_Task_. Every record is to be printed exactly as it appears.

[Provided data — start]

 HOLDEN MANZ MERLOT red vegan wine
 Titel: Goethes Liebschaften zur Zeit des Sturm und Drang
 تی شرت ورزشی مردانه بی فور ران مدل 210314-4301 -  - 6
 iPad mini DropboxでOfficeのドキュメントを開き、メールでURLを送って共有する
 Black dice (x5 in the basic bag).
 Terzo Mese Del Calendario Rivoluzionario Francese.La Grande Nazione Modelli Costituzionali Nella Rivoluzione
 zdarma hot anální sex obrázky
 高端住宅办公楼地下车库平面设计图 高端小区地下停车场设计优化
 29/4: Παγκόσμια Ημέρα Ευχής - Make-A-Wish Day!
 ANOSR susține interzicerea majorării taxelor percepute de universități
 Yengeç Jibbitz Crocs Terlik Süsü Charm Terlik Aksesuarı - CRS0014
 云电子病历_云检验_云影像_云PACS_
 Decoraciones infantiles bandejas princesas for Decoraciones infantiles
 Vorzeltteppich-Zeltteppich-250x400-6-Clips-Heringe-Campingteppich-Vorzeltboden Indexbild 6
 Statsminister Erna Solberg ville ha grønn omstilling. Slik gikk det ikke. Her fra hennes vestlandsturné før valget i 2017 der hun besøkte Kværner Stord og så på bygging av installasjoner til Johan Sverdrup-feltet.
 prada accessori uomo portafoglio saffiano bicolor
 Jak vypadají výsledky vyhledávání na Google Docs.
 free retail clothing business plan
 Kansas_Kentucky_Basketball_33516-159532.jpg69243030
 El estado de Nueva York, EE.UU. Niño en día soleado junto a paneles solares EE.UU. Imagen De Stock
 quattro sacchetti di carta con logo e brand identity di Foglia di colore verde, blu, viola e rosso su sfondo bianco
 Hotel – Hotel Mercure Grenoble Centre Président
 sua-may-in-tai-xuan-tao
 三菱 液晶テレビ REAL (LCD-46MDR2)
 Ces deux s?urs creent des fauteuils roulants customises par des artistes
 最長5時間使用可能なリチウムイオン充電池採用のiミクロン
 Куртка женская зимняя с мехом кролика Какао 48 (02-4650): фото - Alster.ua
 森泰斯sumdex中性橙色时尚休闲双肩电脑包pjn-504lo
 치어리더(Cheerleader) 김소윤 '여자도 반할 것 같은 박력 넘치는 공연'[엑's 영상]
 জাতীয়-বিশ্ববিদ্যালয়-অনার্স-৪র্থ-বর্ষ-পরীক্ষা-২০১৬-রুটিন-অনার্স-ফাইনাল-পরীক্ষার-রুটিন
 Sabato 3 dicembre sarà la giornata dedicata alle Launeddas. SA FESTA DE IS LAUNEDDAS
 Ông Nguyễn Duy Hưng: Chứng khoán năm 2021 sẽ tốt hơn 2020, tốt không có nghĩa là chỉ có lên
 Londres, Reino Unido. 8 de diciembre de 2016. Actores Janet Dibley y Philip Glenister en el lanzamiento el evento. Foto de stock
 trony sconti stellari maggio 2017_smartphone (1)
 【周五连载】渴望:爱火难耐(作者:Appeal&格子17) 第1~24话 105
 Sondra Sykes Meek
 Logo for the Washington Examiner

[Provided data — finish]

_Finished task_.
 HOLDEN MANZ MERLOT red vegan wine
 Titel: Goethes Liebschaften zur Zeit des Sturm und Drang
 تی شرت ورزشی مردانه بی فور ران مدل 210314-4301 -  - 6
 iPad mini DropboxでOfficeのドキュメントを開き、メールでURLを送って共有する
 Black dice (x5 in the basic bag).
 Terzo Mese Del Calendario Rivoluzionario Francese.La Grande Nazione Modelli Costituzionali Nella Rivoluzione
 zdarma hot anální sex obrázky
 高端住宅办公楼地下车库平面设计图 高端小区地下停车场设计优化
 29/4: Παγκόσμια Ημέρα Ευχής - Make-A-Wish Day!
 ANOSR susține interzicerea majorării taxelor percepute de universități
 Yengeç Jibbitz Crocs Terlik Süsü Charm Terlik Aksesuarı - CRS0014
 云电子病历_云检验_云影像_云PACS_
 Decoraciones infantiles bandejas princesas for Decoraciones infantiles
 Vorzeltteppich-Zeltteppich-250x400-6-Clips-Heringe-Campingteppich-Vorzeltboden Indexbild 6
 Statsminister Erna Solberg ville ha grønn omstilling. Slik gikk det ikke. Her fra hennes vestlandsturné før valget i 2017 der hun besøkte Kværner Stord og så på bygging av installasjoner til Johan Sverdrup-feltet.
 prada accessori uomo portafoglio saffiano bicolor
 Jak vypadají výsledky vyhledávání na Google Docs.
 free retail clothing business plan
 Kansas_Kentucky_Basketball_33516-159532.jpg69243030
 El estado de Nueva York, EE.UU. Niño en día soleado junto a paneles solares EE.UU. Imagen De Stock
 quattro sacchetti di carta con logo e brand identity di Foglia di colore verde, blu, viola e rosso su sfondo bianco
 Hotel – Hotel Mercure Grenoble Centre Président
 sua-may-in-tai-xuan-tao
 三菱 液晶テレビ REAL (LCD-46MDR2)
 Ces deux s?urs creent des fauteuils roulants customises par des artistes
 最長5時間使用可能なリチウムイオン充電池採用のiミクロン
 Куртка женская зимняя с мехом кролика Какао 48 (02-4650): фото - Alster.ua
 森泰斯sumdex中性橙色时尚休闲双肩电脑包pjn-504lo
 치어리더(Cheerleader) 김소윤 '여자도 반할 것 같은 박력 넘치는 공연'[엑's 영상]
 জাতীয়-বিশ্ববিদ্যালয়-অনার্স-৪র্থ-বর্ষ-পরীক্ষা-২০১৬-রুটিন-অনার্স-ফাইনাল-পরীক্ষার-রুটিন
 Sabato 3 dicembre sarà la giornata dedicata alle Launeddas. SA FESTA DE IS LAUNEDDAS
 Ông Nguyễn Duy Hưng: Chứng khoán năm 2021 sẽ tốt hơn 2020, tốt không có nghĩa là chỉ có lên
 Londres, Reino Unido. 8 de diciembre de 2016. Actores Janet Dibley y Philip Glenister en el lanzamiento el evento. Foto de stock
 trony sconti stellari maggio 2017_smartphone (1)
 【周五连载】渴望:爱火难耐(作者:Appeal&格子17) 第1~24话 105
 Sondra Sykes Meek
 Logo for the Washington Examiner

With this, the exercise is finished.